(What the task asks):
Start at the line in the entries below that contains "grande conjunto de", stop at the line that contains "Jamie schmitt 3d108", and output exactly the lines in that span, both ends included.

***** Data records

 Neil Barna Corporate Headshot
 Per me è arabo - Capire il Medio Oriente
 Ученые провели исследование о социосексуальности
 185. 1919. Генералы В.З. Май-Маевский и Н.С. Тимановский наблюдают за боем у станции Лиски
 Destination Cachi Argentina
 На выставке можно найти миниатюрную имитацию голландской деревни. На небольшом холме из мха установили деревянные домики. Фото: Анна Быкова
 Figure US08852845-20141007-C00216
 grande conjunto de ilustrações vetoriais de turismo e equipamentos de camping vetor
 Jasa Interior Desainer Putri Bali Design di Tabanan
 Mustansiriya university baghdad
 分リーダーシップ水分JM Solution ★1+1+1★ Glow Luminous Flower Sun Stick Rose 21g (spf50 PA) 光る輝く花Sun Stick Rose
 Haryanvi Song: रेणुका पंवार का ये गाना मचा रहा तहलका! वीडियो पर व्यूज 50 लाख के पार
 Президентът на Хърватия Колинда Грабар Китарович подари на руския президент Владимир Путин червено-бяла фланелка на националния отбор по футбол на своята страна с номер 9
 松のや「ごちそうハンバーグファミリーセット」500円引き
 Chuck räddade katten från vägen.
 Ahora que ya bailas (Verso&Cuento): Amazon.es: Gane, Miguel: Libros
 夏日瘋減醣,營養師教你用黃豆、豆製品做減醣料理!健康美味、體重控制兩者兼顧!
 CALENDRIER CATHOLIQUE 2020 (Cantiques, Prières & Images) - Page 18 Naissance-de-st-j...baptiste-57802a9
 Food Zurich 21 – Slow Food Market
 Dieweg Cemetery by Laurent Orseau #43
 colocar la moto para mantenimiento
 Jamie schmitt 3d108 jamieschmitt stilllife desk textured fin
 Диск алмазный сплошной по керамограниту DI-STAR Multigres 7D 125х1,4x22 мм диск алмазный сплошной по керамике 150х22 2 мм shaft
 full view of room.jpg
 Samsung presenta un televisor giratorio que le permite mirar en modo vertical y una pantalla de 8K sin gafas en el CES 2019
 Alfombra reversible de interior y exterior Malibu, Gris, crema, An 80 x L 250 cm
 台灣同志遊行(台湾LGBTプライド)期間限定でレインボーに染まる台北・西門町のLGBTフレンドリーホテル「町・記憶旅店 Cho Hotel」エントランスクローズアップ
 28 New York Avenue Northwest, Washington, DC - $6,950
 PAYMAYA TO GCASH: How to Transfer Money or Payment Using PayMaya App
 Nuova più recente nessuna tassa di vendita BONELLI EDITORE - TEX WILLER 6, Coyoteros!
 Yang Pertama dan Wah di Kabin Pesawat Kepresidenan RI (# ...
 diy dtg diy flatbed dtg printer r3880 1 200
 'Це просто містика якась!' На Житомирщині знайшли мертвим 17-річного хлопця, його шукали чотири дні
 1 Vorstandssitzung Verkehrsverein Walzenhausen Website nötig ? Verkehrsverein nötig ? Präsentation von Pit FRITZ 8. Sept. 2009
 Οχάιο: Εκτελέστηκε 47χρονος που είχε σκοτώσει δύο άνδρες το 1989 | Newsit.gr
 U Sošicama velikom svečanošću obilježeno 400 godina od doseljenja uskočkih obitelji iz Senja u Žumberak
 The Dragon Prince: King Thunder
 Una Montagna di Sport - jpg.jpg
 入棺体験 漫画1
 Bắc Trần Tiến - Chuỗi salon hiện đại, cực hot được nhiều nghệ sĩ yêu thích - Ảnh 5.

**********

(Solution to this exercise):
 grande conjunto de ilustrações vetoriais de turismo e equipamentos de camping vetor
 Jasa Interior Desainer Putri Bali Design di Tabanan
 Mustansiriya university baghdad
 分リーダーシップ水分JM Solution ★1+1+1★ Glow Luminous Flower Sun Stick Rose 21g (spf50 PA) 光る輝く花Sun Stick Rose
 Haryanvi Song: रेणुका पंवार का ये गाना मचा रहा तहलका! वीडियो पर व्यूज 50 लाख के पार
 Президентът на Хърватия Колинда Грабар Китарович подари на руския президент Владимир Путин червено-бяла фланелка на националния отбор по футбол на своята страна с номер 9
 松のや「ごちそうハンバーグファミリーセット」500円引き
 Chuck räddade katten från vägen.
 Ahora que ya bailas (Verso&Cuento): Amazon.es: Gane, Miguel: Libros
 夏日瘋減醣,營養師教你用黃豆、豆製品做減醣料理!健康美味、體重控制兩者兼顧!
 CALENDRIER CATHOLIQUE 2020 (Cantiques, Prières & Images) - Page 18 Naissance-de-st-j...baptiste-57802a9
 Food Zurich 21 – Slow Food Market
 Dieweg Cemetery by Laurent Orseau #43
 colocar la moto para mantenimiento
 Jamie schmitt 3d108 jamieschmitt stilllife desk textured fin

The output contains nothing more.